Underwood raised more funds than Cuellar's previous Republican opponents, but questions were raised in his hometown newspaper, the Seguin Gazette, about his criminal record, which included a guilty plea for a felony criminal mischief charge, which is normally a misdemeanor. Underwood had also refused on one occasion to present his identification to a law enforcement officer.

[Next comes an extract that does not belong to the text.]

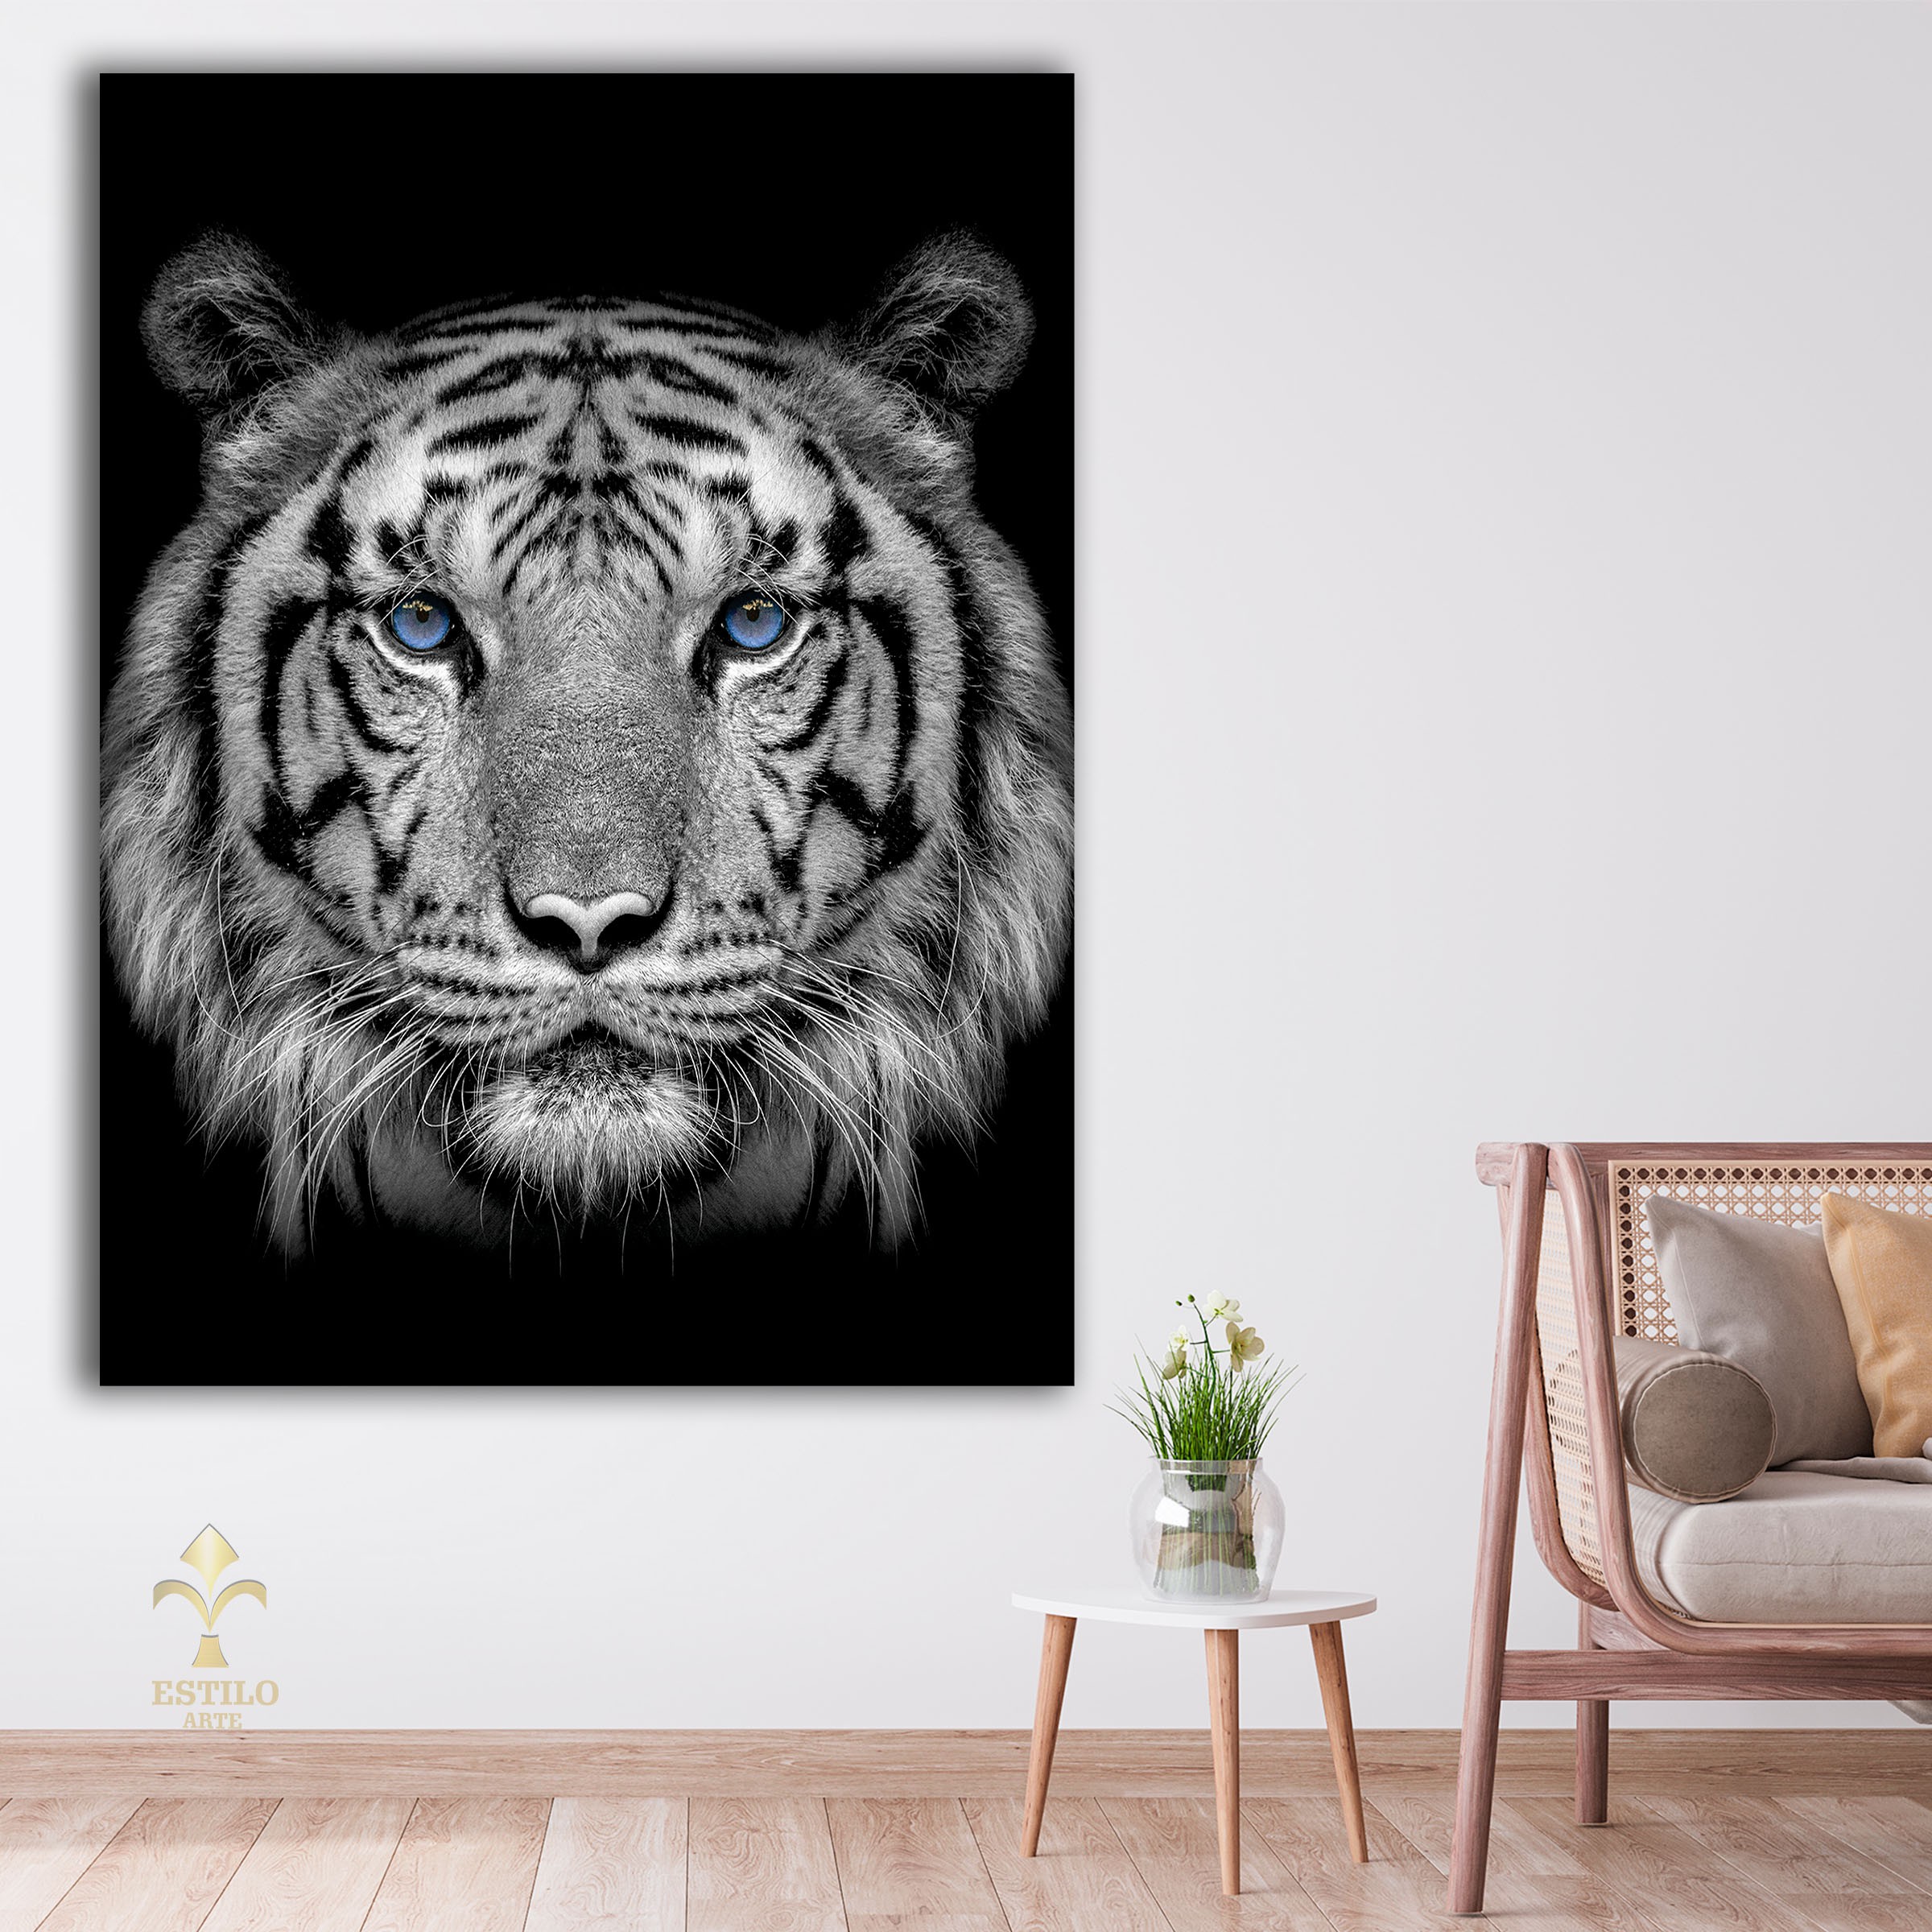 Quadro Decorativo Tigre Preto e Branco Olhos Azuis

Cuellar prevailed, as expected, with 62,055 votes (56%) to Underwood's 46,417 (42%). The remaining 1,880 votes (2%) went to Libertarian Party candidate Stephen Kaat. While Underwood won Guadalupe, Wilson, McMullen, and Atascosa counties, Cuellar's margin in Webb County (25,415 to 3,569) was more than enough assure him a seat in the incoming Republican-majority House.

2012

Cuellar was opposed in the November 6 general election by Republican William R. Hayward and Libertarian Patrick Hisel. Hisel ran unsuccessfully as a Libertarian in 2010 against Republican U.S. Representative Kay Granger from the Tarrant County-based 12th district.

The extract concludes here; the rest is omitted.